Sometimes, the inclusion and exclusion options do not provide sufficient flexibility to select just the items we intend. For such cases, cfengine provides filters which can be used to build complex file and process selection expressions. A filter is a description of items that we would like to include. Filters are declared in separate stanzas in their own section of the cfagent.conf configuration and are attached to any number of rules, as attributes, using their identifier.

Each filter is parameterized by a number of matching criteria. Each filter has a result which is expressed as the logical combination of a number of criteria.

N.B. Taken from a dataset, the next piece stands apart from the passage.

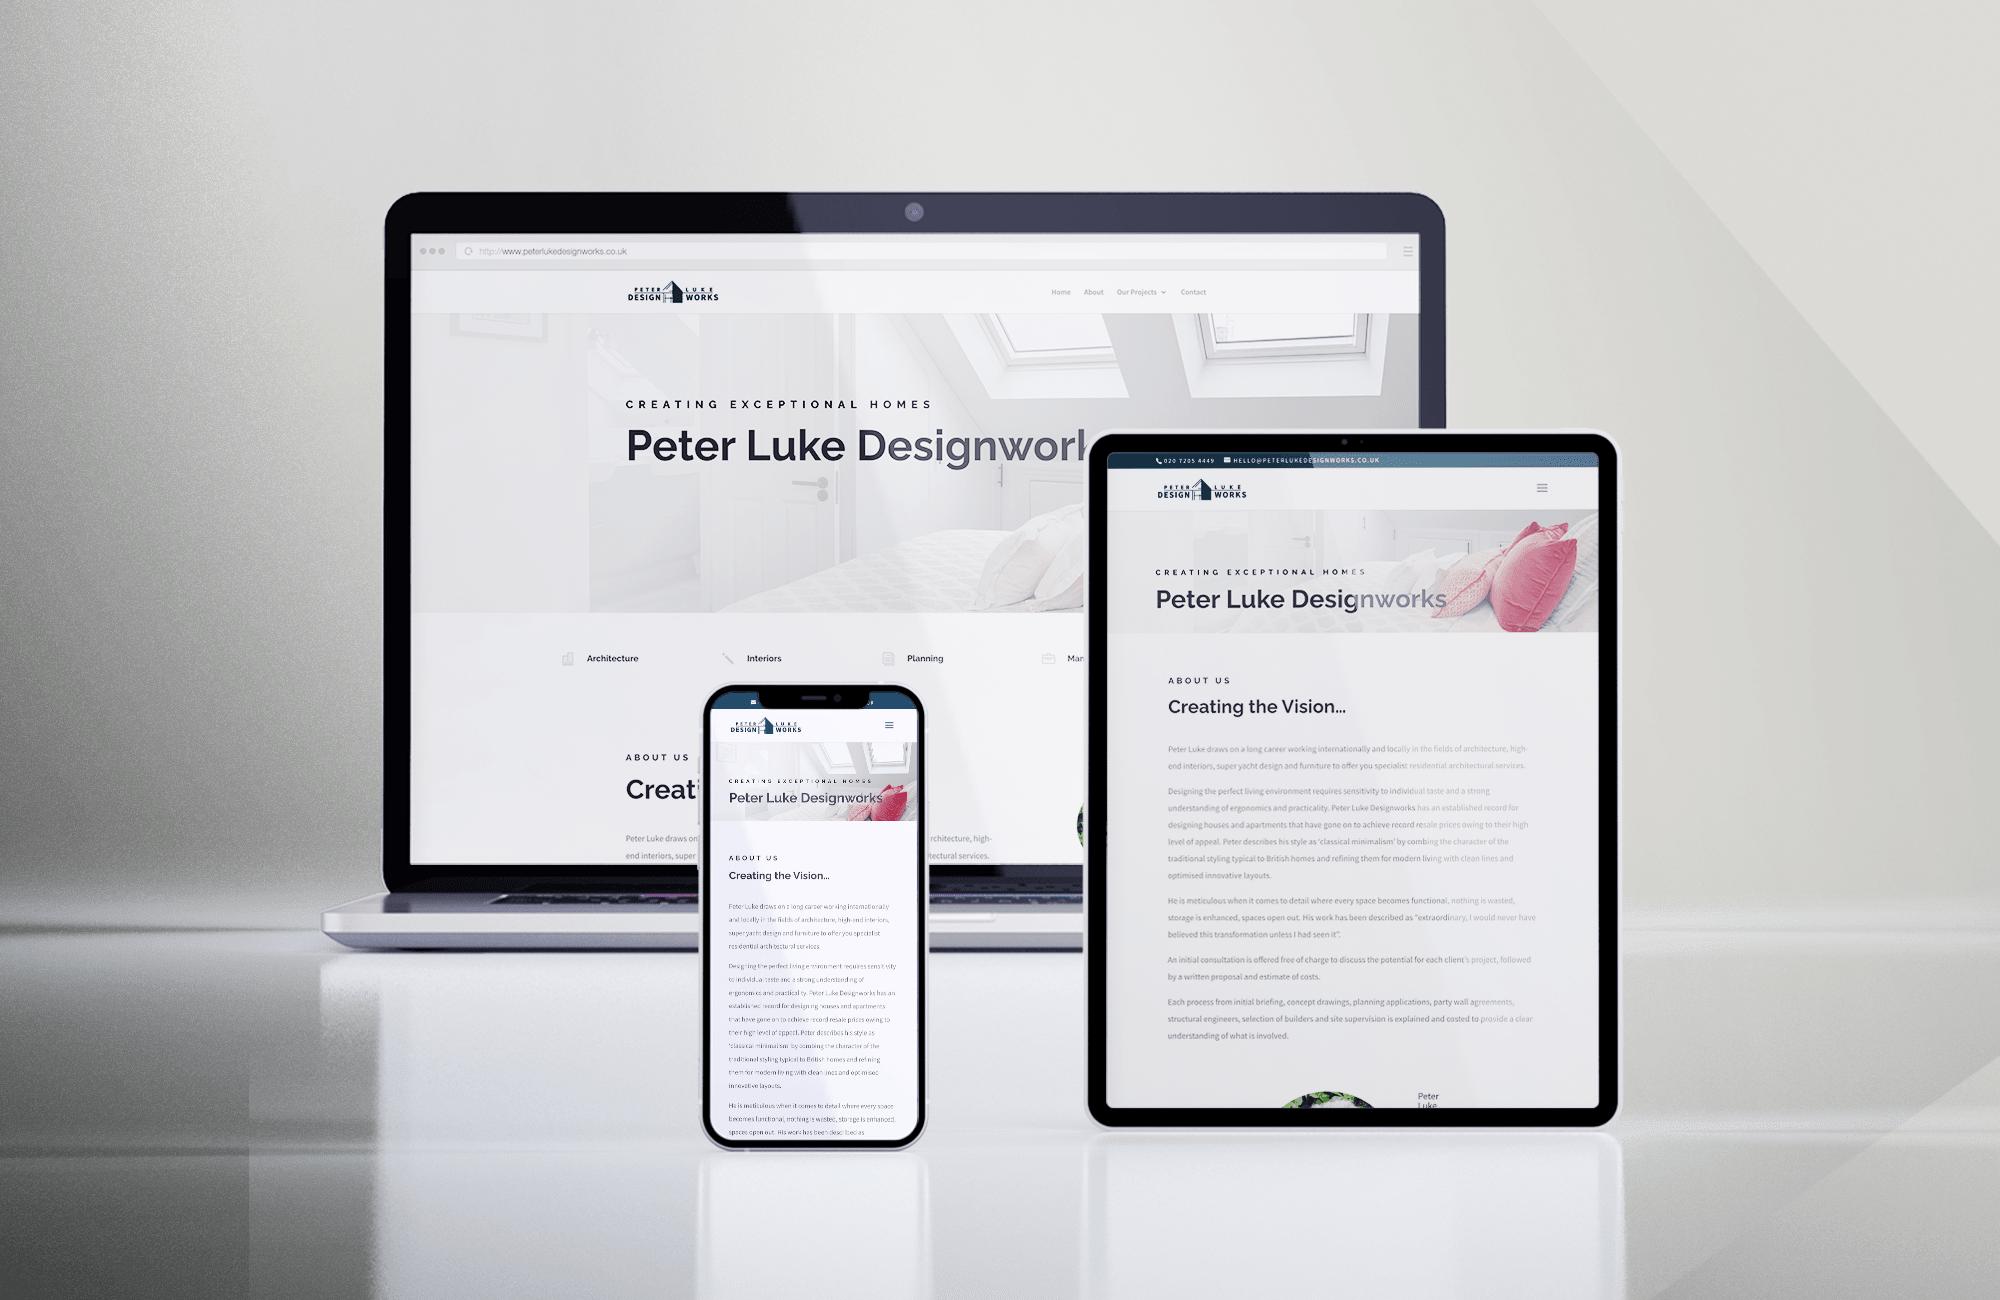 Peter Luke Designworks website by Harpr Surveyors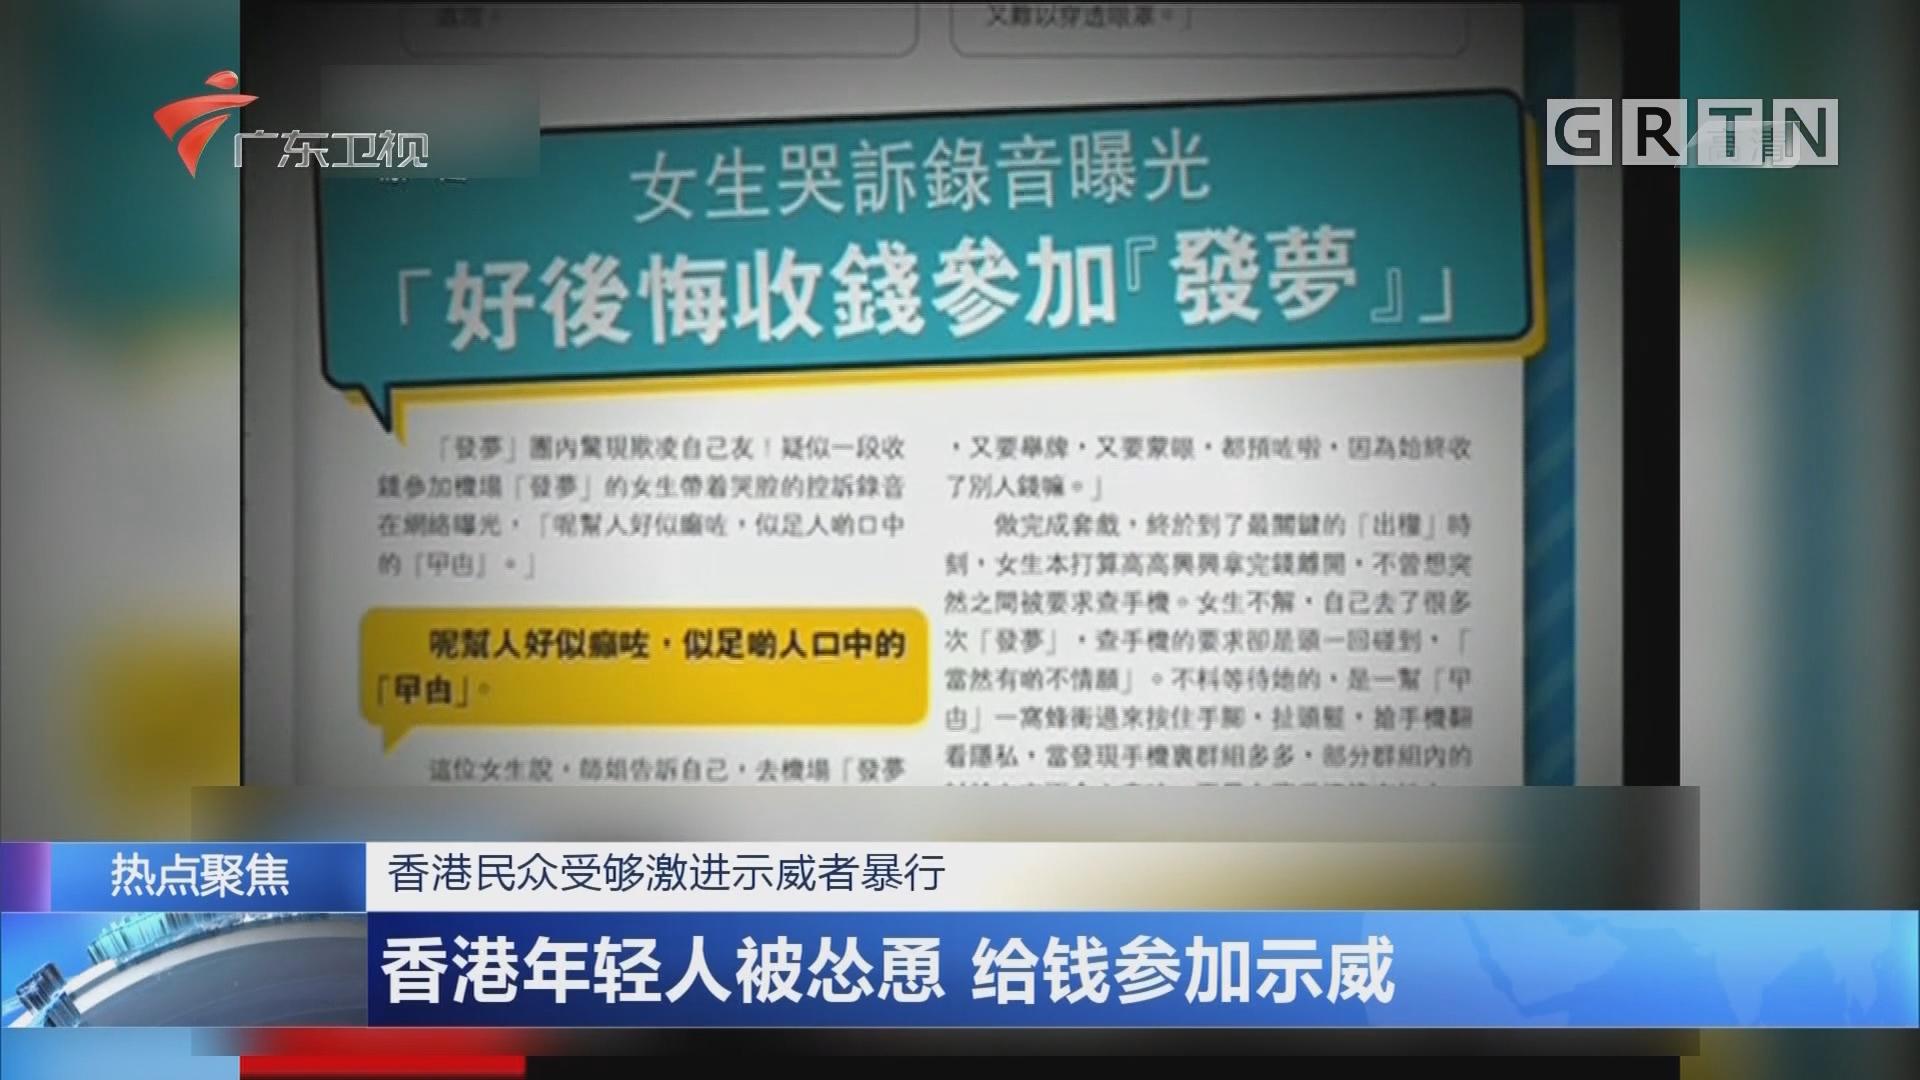 香港民众受够激进示威者暴行:香港年轻人被怂恿 给钱参加示威

1.4.1 File Filter Parameters

The following components can be used to construct file filters:


Next: , Previous: File Filters, Up: File Filters

1.4.2 Example file filter - by magic number

     filters:
         { badgif        # Look for executables disguised as GIF
             NameRegex:  ".*gif"
             ExecRegex: "/bin/file (.*ELF.*)"
             Result: "ExecRegex.NameRegex"
         }


Next: , Previous: Example file filter by magic number, Up: File Filters

1.4.3 Example file filter by link destination

         { histnull      # Check if users set history to dev/null
             NameRegex:   ".*history"
             IsSymLinkTo: "/dev/null"
             Result: "IsSymLinkTo.NameRegex"
             DefineClasses: "history"
         }


Next: , Previous: Example file filter by link dest, Up: File Filters

1.4.4 Example file filter combined parameters

         { old_or_big    # Find .dat files that are old or big
            FromMtime: "date(2001,1,1,0,0,0)"
            ToMtime: "tminus(0,0,1,0,0,0)"
            FromSize: "5m"
            ToSize: "inf"
            NameRegex: "dat\$"
            Return: "NameRegex.(Mtime|Size)"
         }

In the final filter, Size is shorthand for (FromSize.ToSize), and similar abbreviations can be used for other numerical and time-period based items (e.g., Mtime in the same filter).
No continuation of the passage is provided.